Young crickets won't make noise - only when they are mature do they make noise (and what an irritating thing it is too! :devil: ) They do smell, it has to be said, but less so if you clean them out regularly. Master tweezers - that's all I can say about catching them!
As for the constant supply of mealworms, good idea, a lot of keepers do that - just make sure they are properly gut loaded and dusted and you can't go far wrong! : victory:


----------



## jlbyron2000 (Sep 20, 2010)

*Tank Size*

Wow, A 3ft tank is huge for a juvenile Leo...

My tank is 18x18x18 for my little guy (Well not so little he weights 96g!)

I have 3 hides in there...Never used the canopy that came with it (exo terra)...Ended up not using half stuff i got with it actually:blush:

I bought him fancy exo terra hides and he sits all day in a tuppleware box i made myself with kitchen towel in! I barely see him. He;s kinda a fat lazy git! 

In the beginning i asked a hundred questions...wanted everything perfect...but its quite easy really. I panicked the first week when he ate nothing at all! And even next couple weeks only ate once a week! 

He's fine now...took some settling in..but i rarely see him...only when i get him out myself ..but he's very tame!

For the 3ft tank maybe partition it down the middle?? 2 leos? ? Or get a beardie#???:2thumb: LOL!

Hope your happy with the little guy! They are very sweet!

xx


----------



## Ophexis (Feb 19, 2010)

jlbyron2000 said:


> For the 3ft tank maybe partition it down the middle?? 2 leos? ? Or get a beardie#???:2thumb: LOL!
> xx


A juvenile should do fine in a 3ft vivarium without it being partitioned, providing there are enough hides. However partitioning is an option if the animal is having difficulty feeding or appears distressed by the space.
2 leopard geckos is not a good idea. The OP has not kept leopard geckos before if I remember rightly and so spotting signs of dominance may be difficult for them - which could result in stressed, ill leos, and money spent on another set-up. Not to mention even with keepers with more experience they shouldn't be kept together due to the risk of them falling out/breeding. It is far safer to have 1 leo per vivarium.
And 3ft is debatable for a beardie. A _small_ female is the only thing that could fit in there as the minimum space for a beardie is 8 square feet.

Besides, Greecko is set on a leo! : victory:


----------



## jlbyron2000 (Sep 20, 2010)

Ophexis said:


> 2 leopard geckos is not a good idea.

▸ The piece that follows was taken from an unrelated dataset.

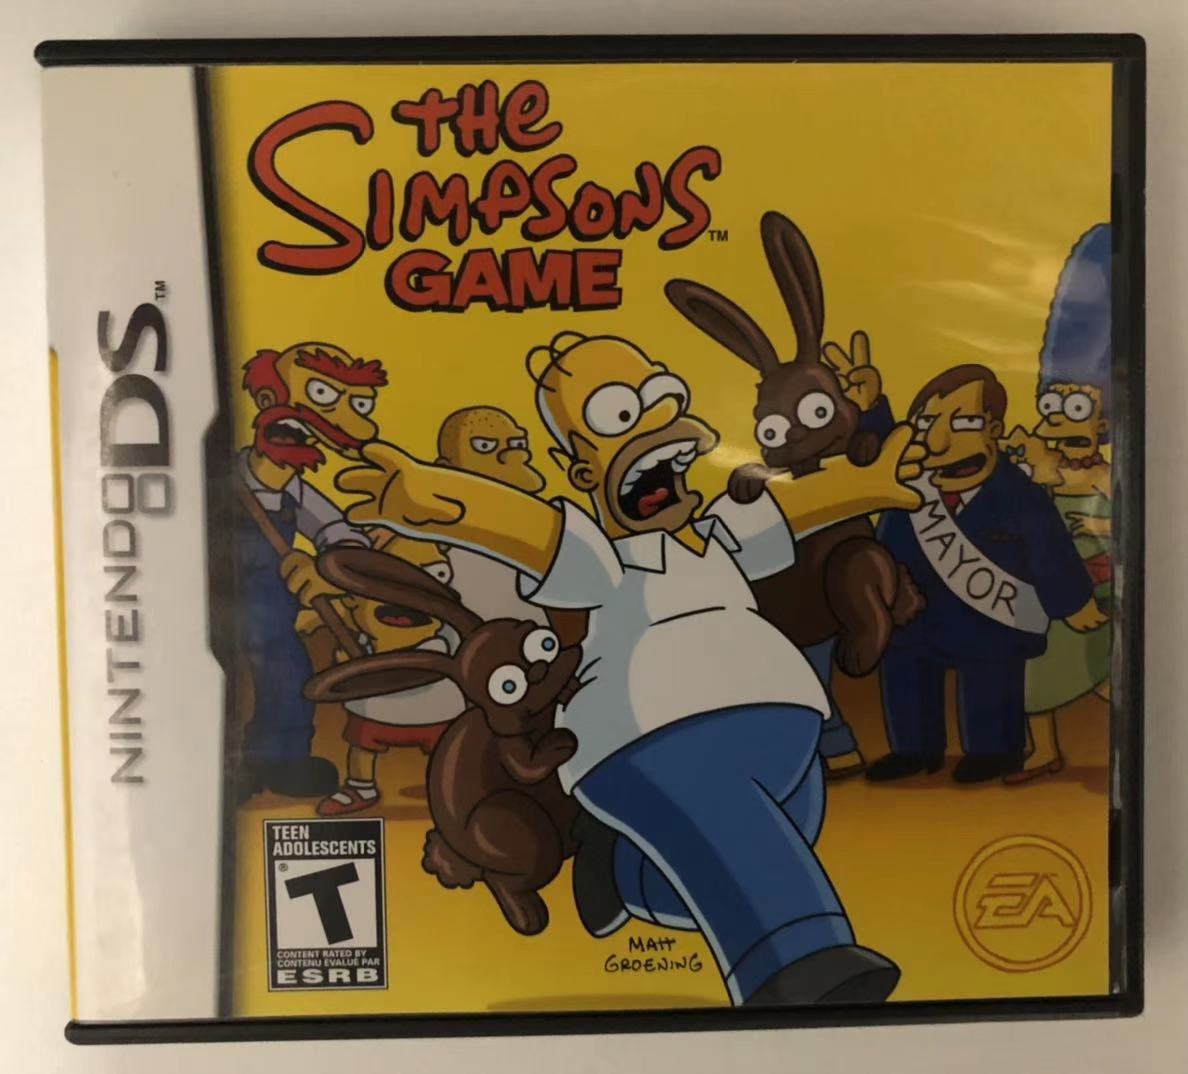 The Simpsons Game『ザ・シンプソンズ・ゲーム』【中古・通常版・北米

The OP has not kept leopard geckos before if I remember rightly and so spotting signs of dominance may be difficult for them - which could result in stressed, ill leos, and money spent on another set-up. Not to mention even with keepers with more experience they shouldn't be kept together due to the risk of them falling out/breeding. It is far safer to have 1 leo per vivarium.
> 
> 
> 
> I didnt mean put 2 together...I meant partition it..make it 2 vivs and put one in each viv :2thumb:


----------



## Mozart (Jan 10, 2011)

I'd just make sure I have plenty of hides with that nice amount of space, may be add some deco for climbing / exploring and a juvi will grow healthy and happy.


----------



## Ophexis (Feb 19, 2010)

jlbyron2000 said:


> I didnt mean put 2 together...I meant partition it..make it 2 vivs and put one in each viv :2thumb:


Ahh, thank you for clarifying. :2thumb:


----------



## Greecko (Jan 15, 2011)

Thanks for the opinion and replies guys making me feel more at ease, im a big perfectionist and drives me mad having things half done

as for hides I have a crawl in cave hide which would be grand for a juvenile and an adult, may fill it with more moss just so the little guy isnt lost in it  and the hide in the warm end is plenty big for it too, though may get a smaller one as its good for an adult one so may be too big just

3ft doesnt seem awfully big, well doesnt to me and id rather it used to its environment now so it grows into it knowing its way round 

as for feeding itll be done with my supervision to make sure its eating and nothings left, Thats why I only want one so it can get all my attention and all the things it needs 

also i may have went mad on its viv, took time to get logs and rocks and placed them like a rocky outcrops all over, with places to climb and scurry around (nothing built tall though, avoid any falls and be more natural) but no holes for crickets to hide 

Ill no doubt get addicted to them but for now only one


----------



## Greecko (Jan 15, 2011)

Another question 

Well just considering the fact my room is damn cold and the fact the vivs ground temp aint so hot, apart from the mat

I have a 60w red lamp heater bulb, red as they cant see it so shouldnt stress him having it on during the day, also i can get quite a good dusk to dawn switch(turns it off after set mount of hours) friend works in a hardware store so dirt cheap for a good one 

would i be wise or am i safe enough with what I got, had just planned on keeping it on during the day for the wee fella, as the rep shop guy said that they would be fine too under the heat, obviously pakistan etc is a little hotter than 32c, and the lamp wont (yet to be tested) be pushing it much above this

what do yous reckon? plus i like to futer at these things  would be setting the lamp at the opposite end of the mat and then keeping the mat at a lower constant temp from now on as the cool end, say around 21, 2c higher than normal


----------



## jools (Apr 4, 2009)

NO NO NO. All sources of heat need to be at the same side in a vivarium unless it is huge. This creates a temperature gradient so that your Leo can regulate it's internal temperature.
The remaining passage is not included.